WHAT THIS TASK INVOLVES -> Set the data down exactly as it stands, and keep its pictures out.

DATA PROVIDED ->
---

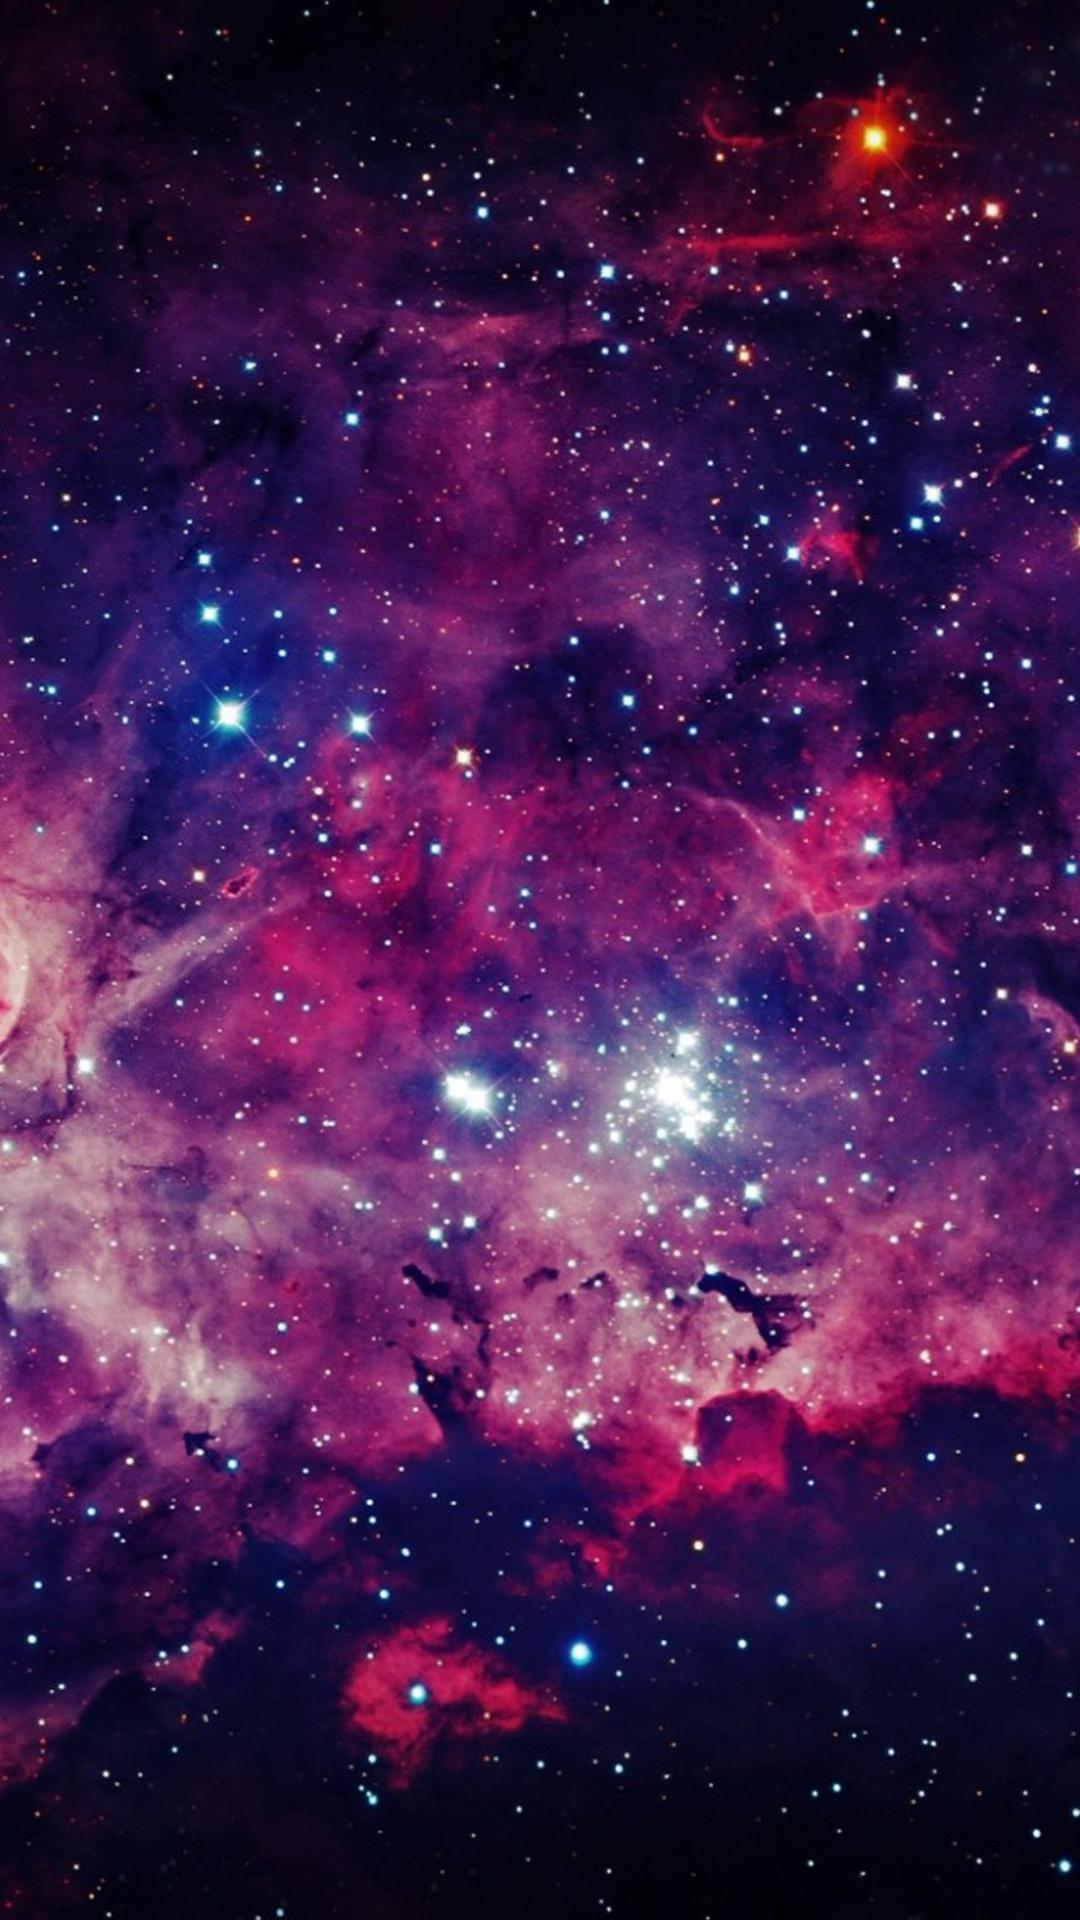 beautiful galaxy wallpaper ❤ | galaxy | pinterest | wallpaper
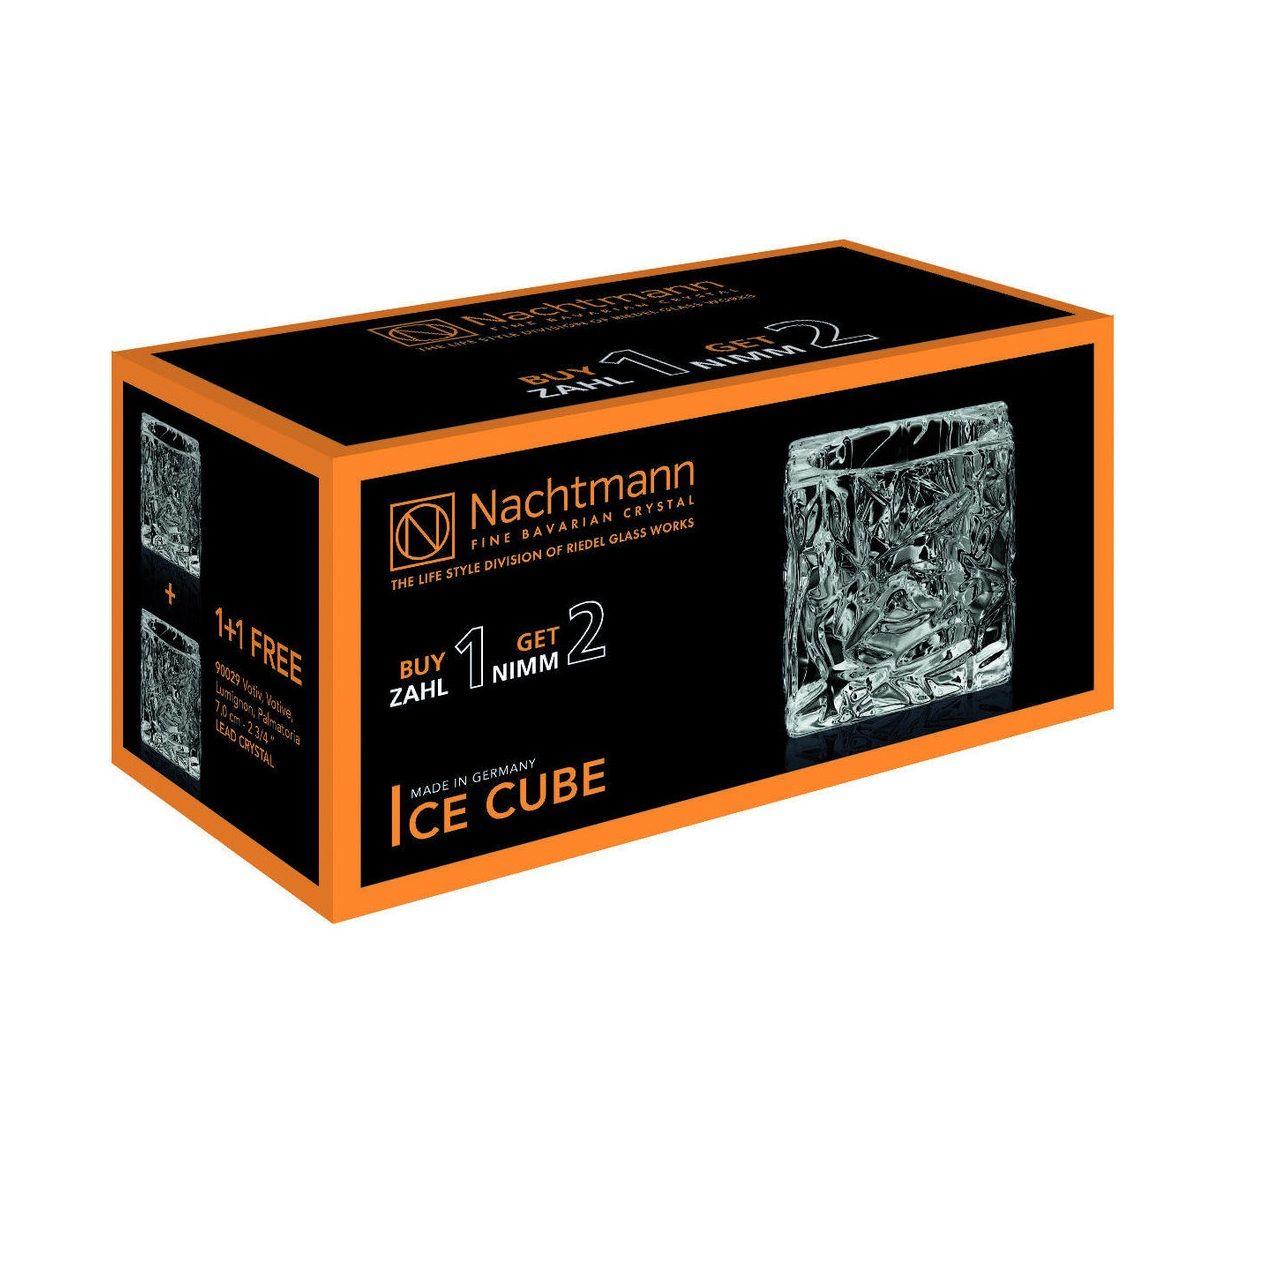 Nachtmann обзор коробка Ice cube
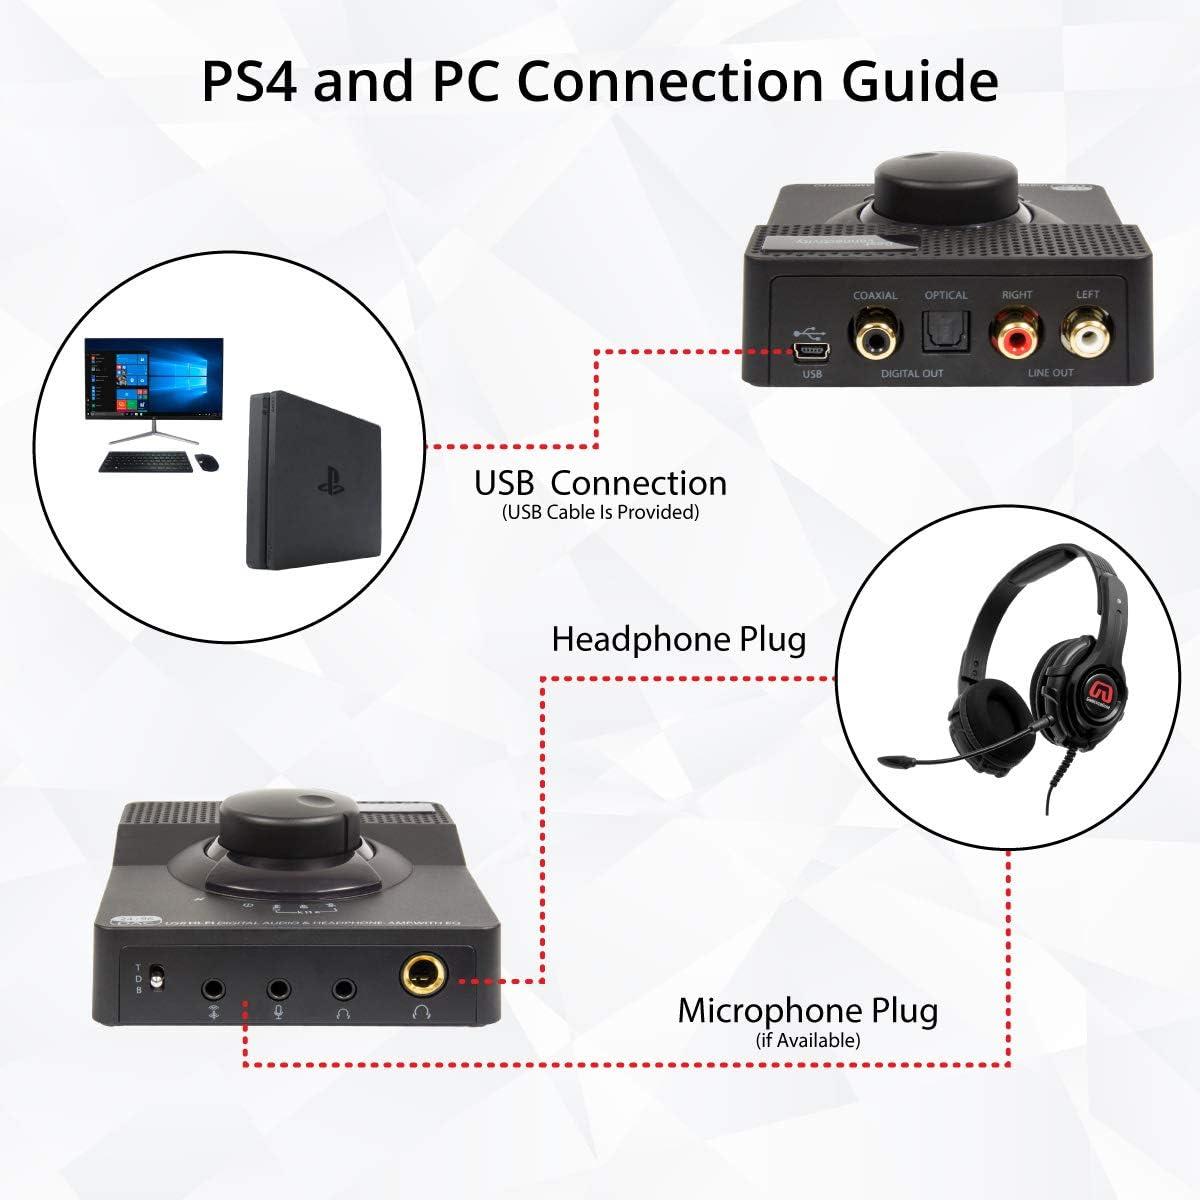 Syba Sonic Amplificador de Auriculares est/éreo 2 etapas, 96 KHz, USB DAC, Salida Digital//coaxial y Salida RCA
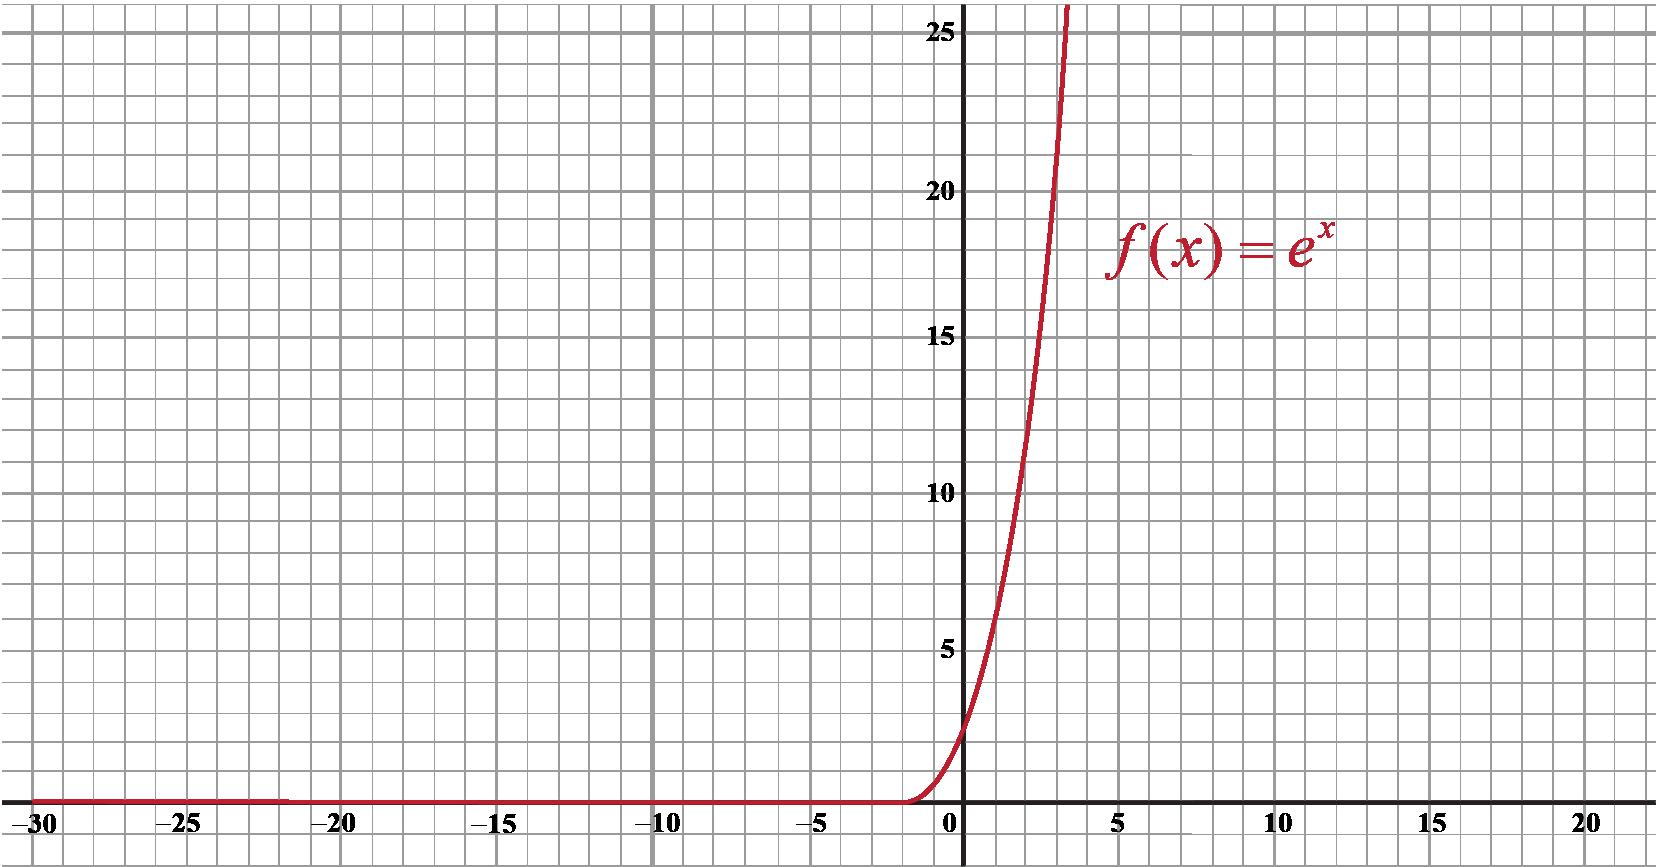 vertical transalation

---

FINISHED EXERCISE ->
 beautiful galaxy wallpaper ❤ | galaxy | pinterest | wallpaper
 Nachtmann обзор коробка Ice cube
 Syba Sonic Amplificador de Auriculares est/éreo 2 etapas, 96 KHz, USB DAC, Salida Digital//coaxial y Salida RCA
 vertical transalation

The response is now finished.